▶ **Provided information**:
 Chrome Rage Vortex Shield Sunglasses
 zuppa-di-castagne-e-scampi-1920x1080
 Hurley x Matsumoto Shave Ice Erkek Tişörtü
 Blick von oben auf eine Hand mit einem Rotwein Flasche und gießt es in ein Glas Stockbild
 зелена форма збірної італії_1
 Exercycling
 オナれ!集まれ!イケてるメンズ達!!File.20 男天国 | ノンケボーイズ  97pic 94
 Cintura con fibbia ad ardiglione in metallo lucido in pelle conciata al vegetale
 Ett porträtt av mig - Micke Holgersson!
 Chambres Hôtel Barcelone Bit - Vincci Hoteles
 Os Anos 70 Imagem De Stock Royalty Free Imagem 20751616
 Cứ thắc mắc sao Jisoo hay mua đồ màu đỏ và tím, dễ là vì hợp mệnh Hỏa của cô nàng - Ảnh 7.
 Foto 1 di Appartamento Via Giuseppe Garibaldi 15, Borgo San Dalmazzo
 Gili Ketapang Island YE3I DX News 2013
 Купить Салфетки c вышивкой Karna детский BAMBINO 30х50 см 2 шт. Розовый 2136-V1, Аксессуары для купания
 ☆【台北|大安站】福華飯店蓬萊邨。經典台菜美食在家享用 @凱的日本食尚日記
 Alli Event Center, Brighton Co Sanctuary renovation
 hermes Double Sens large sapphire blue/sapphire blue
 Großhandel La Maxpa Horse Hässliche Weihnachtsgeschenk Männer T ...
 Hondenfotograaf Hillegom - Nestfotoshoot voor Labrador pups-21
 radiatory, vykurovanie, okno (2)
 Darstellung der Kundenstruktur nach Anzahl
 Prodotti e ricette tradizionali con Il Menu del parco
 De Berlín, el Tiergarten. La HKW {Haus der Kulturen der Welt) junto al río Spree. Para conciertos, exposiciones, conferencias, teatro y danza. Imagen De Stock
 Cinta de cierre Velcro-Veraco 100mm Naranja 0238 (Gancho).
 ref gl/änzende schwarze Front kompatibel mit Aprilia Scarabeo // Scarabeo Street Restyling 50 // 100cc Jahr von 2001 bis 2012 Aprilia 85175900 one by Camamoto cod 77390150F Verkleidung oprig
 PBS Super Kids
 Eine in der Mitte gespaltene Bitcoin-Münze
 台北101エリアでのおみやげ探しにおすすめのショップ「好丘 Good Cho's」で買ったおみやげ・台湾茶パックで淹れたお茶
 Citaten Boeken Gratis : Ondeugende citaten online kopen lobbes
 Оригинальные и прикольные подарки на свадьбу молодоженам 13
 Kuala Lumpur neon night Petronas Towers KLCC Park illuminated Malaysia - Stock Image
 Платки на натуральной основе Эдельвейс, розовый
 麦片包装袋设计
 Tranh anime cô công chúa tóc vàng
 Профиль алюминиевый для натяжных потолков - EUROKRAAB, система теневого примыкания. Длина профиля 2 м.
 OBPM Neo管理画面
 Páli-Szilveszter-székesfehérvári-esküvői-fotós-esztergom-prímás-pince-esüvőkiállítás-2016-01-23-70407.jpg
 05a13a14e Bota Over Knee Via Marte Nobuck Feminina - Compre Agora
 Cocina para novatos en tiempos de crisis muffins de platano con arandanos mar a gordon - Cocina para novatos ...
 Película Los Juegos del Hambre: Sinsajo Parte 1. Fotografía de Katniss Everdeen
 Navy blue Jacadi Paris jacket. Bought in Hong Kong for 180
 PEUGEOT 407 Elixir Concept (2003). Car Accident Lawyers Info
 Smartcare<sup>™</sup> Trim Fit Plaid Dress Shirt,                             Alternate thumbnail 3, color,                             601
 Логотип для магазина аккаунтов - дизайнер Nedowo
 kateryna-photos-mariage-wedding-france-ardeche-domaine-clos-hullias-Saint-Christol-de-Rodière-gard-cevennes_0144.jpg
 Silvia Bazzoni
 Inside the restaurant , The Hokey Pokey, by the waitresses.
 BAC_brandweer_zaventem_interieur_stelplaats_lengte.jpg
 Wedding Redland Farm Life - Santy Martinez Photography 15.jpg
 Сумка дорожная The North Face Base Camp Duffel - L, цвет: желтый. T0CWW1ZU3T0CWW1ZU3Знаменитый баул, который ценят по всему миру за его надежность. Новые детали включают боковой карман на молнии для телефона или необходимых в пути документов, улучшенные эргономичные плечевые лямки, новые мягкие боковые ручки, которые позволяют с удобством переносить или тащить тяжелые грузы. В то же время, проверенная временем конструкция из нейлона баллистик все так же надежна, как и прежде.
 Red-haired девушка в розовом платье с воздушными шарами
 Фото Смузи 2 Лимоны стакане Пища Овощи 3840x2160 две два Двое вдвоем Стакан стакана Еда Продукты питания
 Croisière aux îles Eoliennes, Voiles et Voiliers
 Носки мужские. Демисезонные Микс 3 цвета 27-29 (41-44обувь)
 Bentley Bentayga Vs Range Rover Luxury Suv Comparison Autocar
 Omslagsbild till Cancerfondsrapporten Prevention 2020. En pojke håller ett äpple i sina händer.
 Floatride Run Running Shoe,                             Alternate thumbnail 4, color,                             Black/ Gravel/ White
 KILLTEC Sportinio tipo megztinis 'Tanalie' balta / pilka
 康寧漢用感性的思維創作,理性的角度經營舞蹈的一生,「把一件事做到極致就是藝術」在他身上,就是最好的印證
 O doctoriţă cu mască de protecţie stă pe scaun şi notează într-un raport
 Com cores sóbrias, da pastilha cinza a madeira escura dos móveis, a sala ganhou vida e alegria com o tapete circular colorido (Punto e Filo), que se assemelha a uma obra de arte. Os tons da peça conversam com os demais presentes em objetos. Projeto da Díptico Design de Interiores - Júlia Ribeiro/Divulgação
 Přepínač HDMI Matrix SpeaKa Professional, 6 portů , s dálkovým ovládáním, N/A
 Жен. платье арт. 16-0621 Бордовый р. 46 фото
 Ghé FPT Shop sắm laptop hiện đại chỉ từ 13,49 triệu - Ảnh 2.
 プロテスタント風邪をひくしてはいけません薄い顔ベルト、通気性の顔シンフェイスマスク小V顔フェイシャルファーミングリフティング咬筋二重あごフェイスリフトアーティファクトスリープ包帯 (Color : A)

▶ **Task to complete**:
The whole listing should be restated word for word.

▶ **Task response**:
 Chrome Rage Vortex Shield Sunglasses
 zuppa-di-castagne-e-scampi-1920x1080
 Hurley x Matsumoto Shave Ice Erkek Tişörtü
 Blick von oben auf eine Hand mit einem Rotwein Flasche und gießt es in ein Glas Stockbild
 зелена форма збірної італії_1
 Exercycling
 オナれ!集まれ!イケてるメンズ達!!File.20 男天国 | ノンケボーイズ  97pic 94
 Cintura con fibbia ad ardiglione in metallo lucido in pelle conciata al vegetale
 Ett porträtt av mig - Micke Holgersson!
 Chambres Hôtel Barcelone Bit - Vincci Hoteles
 Os Anos 70 Imagem De Stock Royalty Free Imagem 20751616
 Cứ thắc mắc sao Jisoo hay mua đồ màu đỏ và tím, dễ là vì hợp mệnh Hỏa của cô nàng - Ảnh 7.
 Foto 1 di Appartamento Via Giuseppe Garibaldi 15, Borgo San Dalmazzo
 Gili Ketapang Island YE3I DX News 2013
 Купить Салфетки c вышивкой Karna детский BAMBINO 30х50 см 2 шт. Розовый 2136-V1, Аксессуары для купания
 ☆【台北|大安站】福華飯店蓬萊邨。經典台菜美食在家享用 @凱的日本食尚日記
 Alli Event Center, Brighton Co Sanctuary renovation
 hermes Double Sens large sapphire blue/sapphire blue
 Großhandel La Maxpa Horse Hässliche Weihnachtsgeschenk Männer T ...
 Hondenfotograaf Hillegom - Nestfotoshoot voor Labrador pups-21
 radiatory, vykurovanie, okno (2)
 Darstellung der Kundenstruktur nach Anzahl
 Prodotti e ricette tradizionali con Il Menu del parco
 De Berlín, el Tiergarten. La HKW {Haus der Kulturen der Welt) junto al río Spree. Para conciertos, exposiciones, conferencias, teatro y danza. Imagen De Stock
 Cinta de cierre Velcro-Veraco 100mm Naranja 0238 (Gancho).
 ref gl/änzende schwarze Front kompatibel mit Aprilia Scarabeo // Scarabeo Street Restyling 50 // 100cc Jahr von 2001 bis 2012 Aprilia 85175900 one by Camamoto cod 77390150F Verkleidung oprig
 PBS Super Kids
 Eine in der Mitte gespaltene Bitcoin-Münze
 台北101エリアでのおみやげ探しにおすすめのショップ「好丘 Good Cho's」で買ったおみやげ・台湾茶パックで淹れたお茶
 Citaten Boeken Gratis : Ondeugende citaten online kopen lobbes
 Оригинальные и прикольные подарки на свадьбу молодоженам 13
 Kuala Lumpur neon night Petronas Towers KLCC Park illuminated Malaysia - Stock Image
 Платки на натуральной основе Эдельвейс, розовый
 麦片包装袋设计
 Tranh anime cô công chúa tóc vàng
 Профиль алюминиевый для натяжных потолков - EUROKRAAB, система теневого примыкания. Длина профиля 2 м.
 OBPM Neo管理画面
 Páli-Szilveszter-székesfehérvári-esküvői-fotós-esztergom-prímás-pince-esüvőkiállítás-2016-01-23-70407.jpg
 05a13a14e Bota Over Knee Via Marte Nobuck Feminina - Compre Agora
 Cocina para novatos en tiempos de crisis muffins de platano con arandanos mar a gordon - Cocina para novatos ...
 Película Los Juegos del Hambre: Sinsajo Parte 1. Fotografía de Katniss Everdeen
 Navy blue Jacadi Paris jacket. Bought in Hong Kong for 180
 PEUGEOT 407 Elixir Concept (2003). Car Accident Lawyers Info
 Smartcare<sup>™</sup> Trim Fit Plaid Dress Shirt,                             Alternate thumbnail 3, color,                             601
 Логотип для магазина аккаунтов - дизайнер Nedowo
 kateryna-photos-mariage-wedding-france-ardeche-domaine-clos-hullias-Saint-Christol-de-Rodière-gard-cevennes_0144.jpg
 Silvia Bazzoni
 Inside the restaurant , The Hokey Pokey, by the waitresses.
 BAC_brandweer_zaventem_interieur_stelplaats_lengte.jpg
 Wedding Redland Farm Life - Santy Martinez Photography 15.jpg
 Сумка дорожная The North Face Base Camp Duffel - L, цвет: желтый. T0CWW1ZU3T0CWW1ZU3Знаменитый баул, который ценят по всему миру за его надежность. Новые детали включают боковой карман на молнии для телефона или необходимых в пути документов, улучшенные эргономичные плечевые лямки, новые мягкие боковые ручки, которые позволяют с удобством переносить или тащить тяжелые грузы. В то же время, проверенная временем конструкция из нейлона баллистик все так же надежна, как и прежде.
 Red-haired девушка в розовом платье с воздушными шарами
 Фото Смузи 2 Лимоны стакане Пища Овощи 3840x2160 две два Двое вдвоем Стакан стакана Еда Продукты питания
 Croisière aux îles Eoliennes, Voiles et Voiliers
 Носки мужские. Демисезонные Микс 3 цвета 27-29 (41-44обувь)
 Bentley Bentayga Vs Range Rover Luxury Suv Comparison Autocar
 Omslagsbild till Cancerfondsrapporten Prevention 2020. En pojke håller ett äpple i sina händer.
 Floatride Run Running Shoe,                             Alternate thumbnail 4, color,                             Black/ Gravel/ White
 KILLTEC Sportinio tipo megztinis 'Tanalie' balta / pilka
 康寧漢用感性的思維創作,理性的角度經營舞蹈的一生,「把一件事做到極致就是藝術」在他身上,就是最好的印證
 O doctoriţă cu mască de protecţie stă pe scaun şi notează într-un raport
 Com cores sóbrias, da pastilha cinza a madeira escura dos móveis, a sala ganhou vida e alegria com o tapete circular colorido (Punto e Filo), que se assemelha a uma obra de arte. Os tons da peça conversam com os demais presentes em objetos. Projeto da Díptico Design de Interiores - Júlia Ribeiro/Divulgação
 Přepínač HDMI Matrix SpeaKa Professional, 6 portů , s dálkovým ovládáním, N/A
 Жен. платье арт. 16-0621 Бордовый р. 46 фото
 Ghé FPT Shop sắm laptop hiện đại chỉ từ 13,49 triệu - Ảnh 2.
 プロテスタント風邪をひくしてはいけません薄い顔ベルト、通気性の顔シンフェイスマスク小V顔フェイシャルファーミングリフティング咬筋二重あごフェイスリフトアーティファクトスリープ包帯 (Color : A)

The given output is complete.